We split our dataset into k groups. We train our model on k-1 folds and then test on the last fold. We repeat this until every k has been tested once.
It is both a lower variabilty and it uses all of the data when compared to validation. This being said, validation is faster to compute, which becomes a larger factor the bigger your data set is.

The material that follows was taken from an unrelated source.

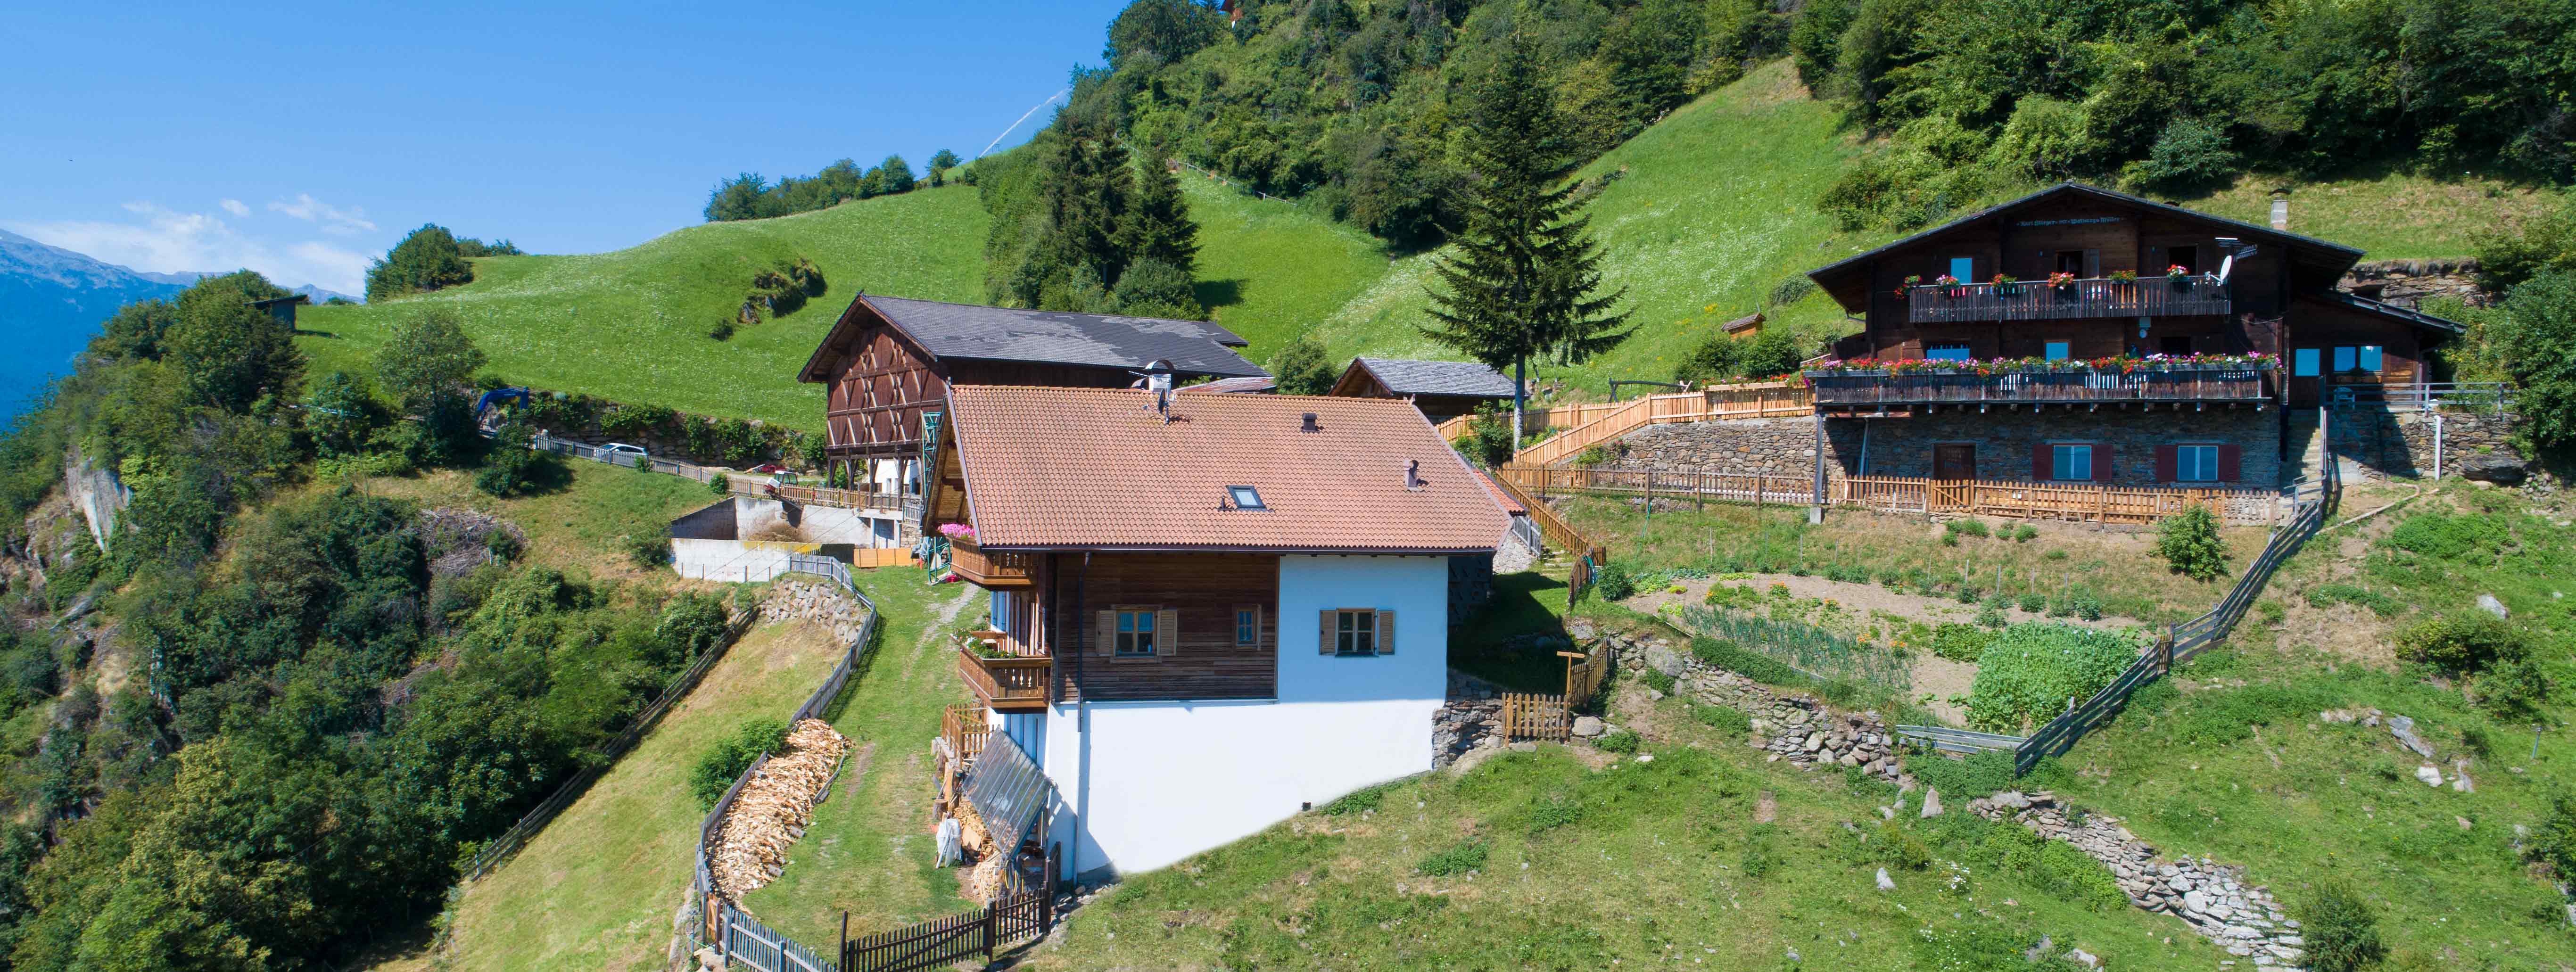 Maso Ausergrubhof - Parcines in Alto Adige

It is faster to compute than LOOCV is. This being said, LOOCV doesn’t have the same variability that k-fold cross-validation can have.
library(tidyverse)
## ── Attaching packages ─────────────────────────────────────── tidyverse 1.3.2 ──
## ✔ ggplot2 3.4.1 ✔ purrr 1.0.1
## ✔ tibble 3.1.8 ✔ dplyr 1.1.0
## ✔ tidyr 1.3.0 ✔ stringr 1.5.0
## ✔ readr 2.1.4 ✔ forcats 1.0.0
## ── Conflicts ────────────────────────────────────────── tidyverse_conflicts() ──
## ✖ dplyr::filter() masks stats::filter()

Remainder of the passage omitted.